Other compensation benefits. In addition to base compensation and discretionary incentive compensation, portfolio managers may be eligible to receive or participate in one or more of the following incentive savings plans. BlackRock, Inc. has created a variety of incentive savings plans in which BlackRock, Inc. employees are eligible to participate, including a 401(k) plan, the BlackRock Retirement Savings Plan (RSP), and the BlackRock Employee Stock Purchase Plan (ESPP). The employer contribution components of the RSP include a company match equal to 50% of the first 8% of eligible pay contributed to the plan capped at $5,000 per year, and a company retirement contribution equal to 3-5% of eligible compensation.  The RSP offers a range of investment options, including registered investment companies and collective investment funds managed by the firm.

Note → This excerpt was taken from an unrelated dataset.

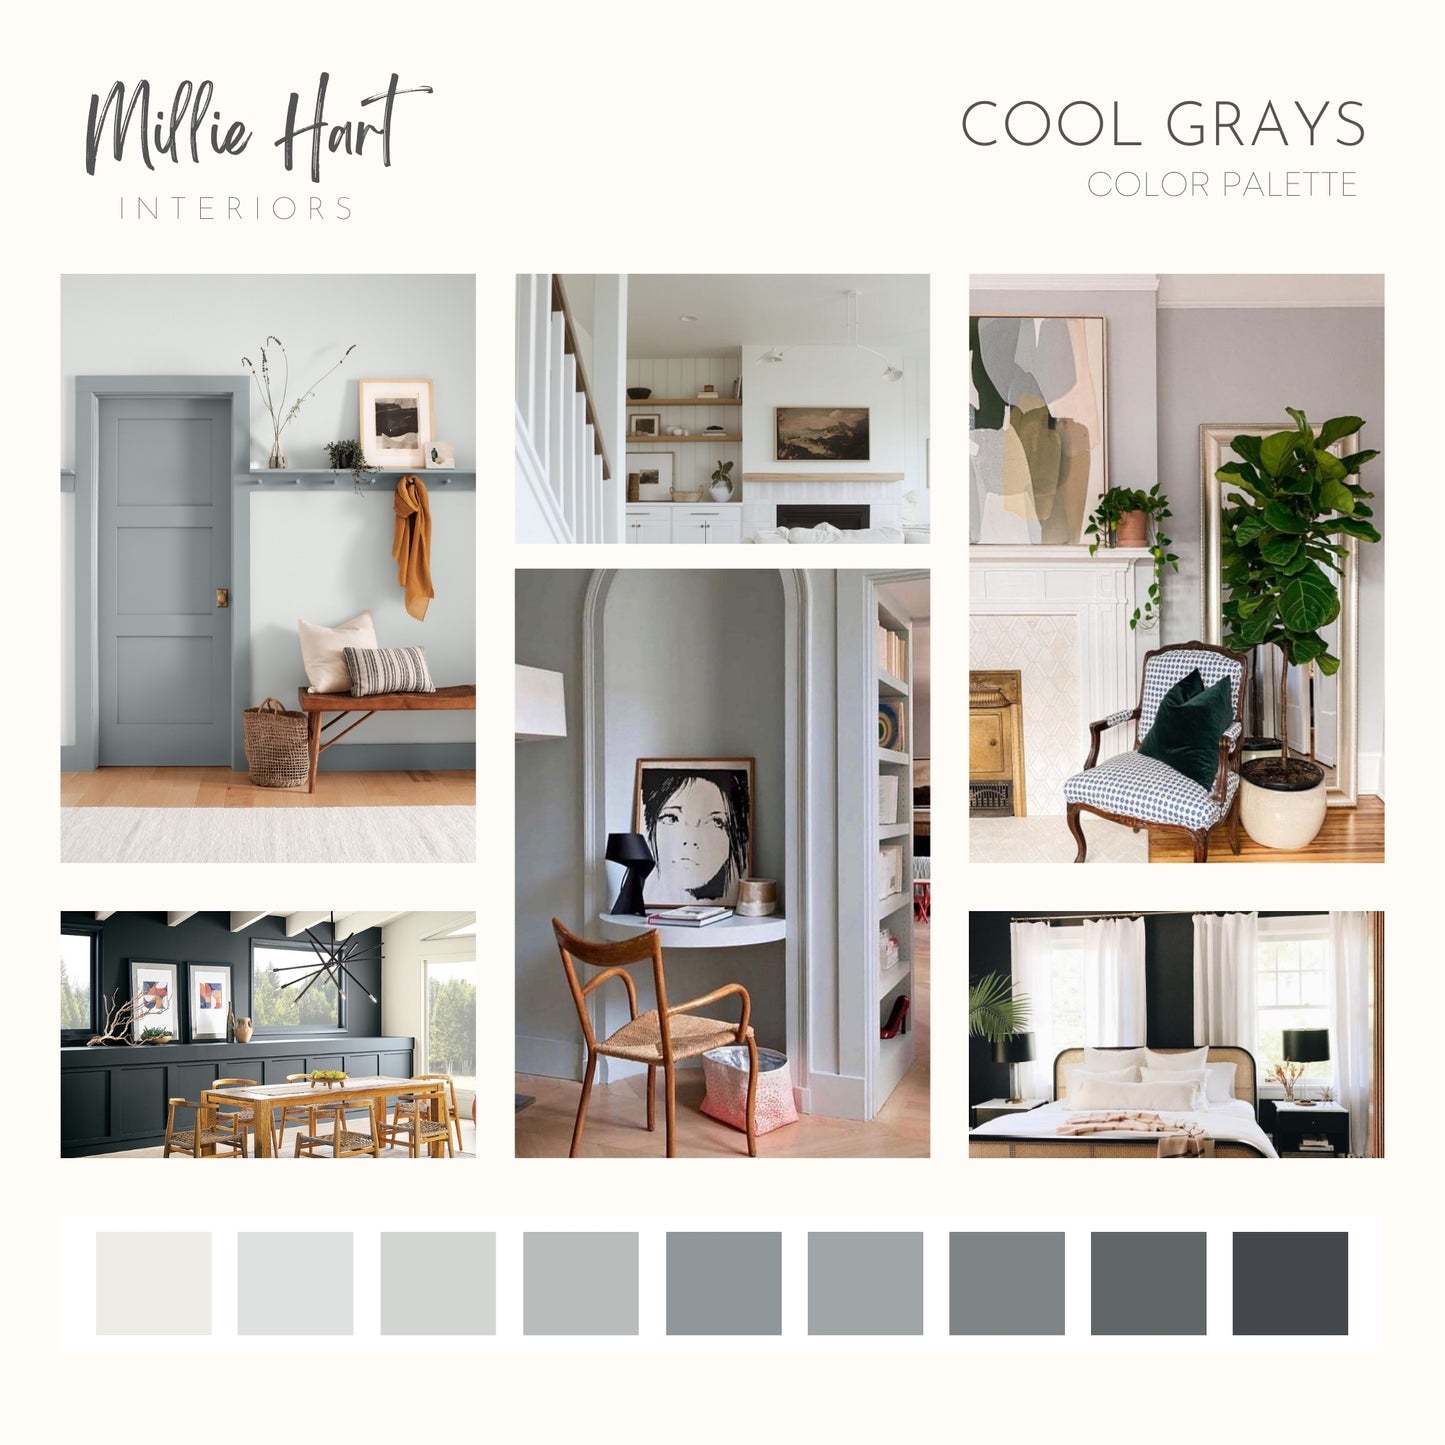 Cool Grays Sherwin Williams Paint Palette, Interior Paint Colors for Home, Cool Grays, Coastal Colors, Modern Neutrals, Pure White

BlackRock contributions follow the investment direction set by participants for their own contributions or, absent participant investment direction, are invested into an index target date fund that corresponds to, or is closest to, the year in which the participant attains age 65.  The ESPP allows for investment in BlackRock, Inc. common stock at a 5% discount on the fair market value of the stock on the purchase date.  Annual participation in the ESPP is limited to the purchase of 1,000 shares or a dollar value of $25,000.  Each portfolio manager is eligible to participate in these plans.

 

 

(a)(4)

Beneficial Ownership of Securities – As of July 31, 2011.

 

Portfolio Manager

Dollar Range of Equity Securities
of the Fund Beneficially Owned

F. Howard Downs

None

Theodore R. Jaeckel, Jr.

None

Walter O’Connor

None

 

 

(b) Not Applicable

 


Item 9 –

Purchases of Equity Securities by Closed-End Management Investment Company and Affiliated Purchasers – Not Applicable due to no such purchases during the period covered by this report.

 

 

Item 10 –

Submission of Matters to a Vote of Security Holders – There have been no material changes to these procedures.

 

 

Item 11 –

Controls and Procedures

 

 

 

(a) – The registrant’s principal executive and principal financial officers, or persons performing similar functions, have concluded that the registrant’s disclosure controls and procedures (as defined in Rule 30a-3(c) under the Investment Company Act of 1940, as amended (the “1940 Act”)) are effective as of a date within 90 days of the filing of this report based on the evaluation of these controls and procedures required by Rule 30a-3(b) under the 1940 Act and Rule 13a-15(b) under the Securities Exchange Act of 1934, as amended.

 

 

 

(b) – There were no changes in the registrant’s internal control over financial reporting (as defined in Rule 30a-3(d) under the 1940 Act) that occurred during the second fiscal quarter of the period covered by this report that have materially affected, or are reasonably likely to materially affect, the registrant’s internal control over financial reporting.

 

 

Item 12 –

Exhibits attached hereto

 

 

 

(a)(1) – Code of Ethics – See Item 2

 

 

 

(a)(2) – Certifications – Attached hereto

 

 

 

(a)(3) – Not Applicable

 

 

 

(b) – Certifications – Attached hereto

 


 

Pursuant to the requirements of the Securities Exchange Act of 1934 and the Investment Company Act of 1940, the registrant has duly caused this report to be signed on its behalf by the undersigned, thereunto duly authorized.

 

 

 

BlackRock MuniYield Michigan Quality Fund II, Inc.

 

 

  By: /s/ John M. Perlowski  
    John M. Perlowski
    Chief Executive Officer (principal executive officer) of
    BlackRock MuniYield Michigan Quality Fund II, Inc.
   
  Date: October 4, 2011
   
  Pursuant to the requirements of the Securities Exchange Act of 1934 and the Investment Company Act of 1940, this report has been signed below by the following persons on behalf of the registrant and in the capacities and on the dates indicated.
   
  By: /s/ John M. Perlowski  
    John M. Perlowski
    Chief Executive Officer (principal executive officer) of
    BlackRock MuniYield Michigan Quality Fund II, Inc.
   
  Date: October 4, 2011
   
  By: /s/ Neal J. Andrews  
    Neal J. Andrews
    Chief Financial Officer (principal financial officer) of
    BlackRock MuniYield Michigan Quality Fund II, Inc.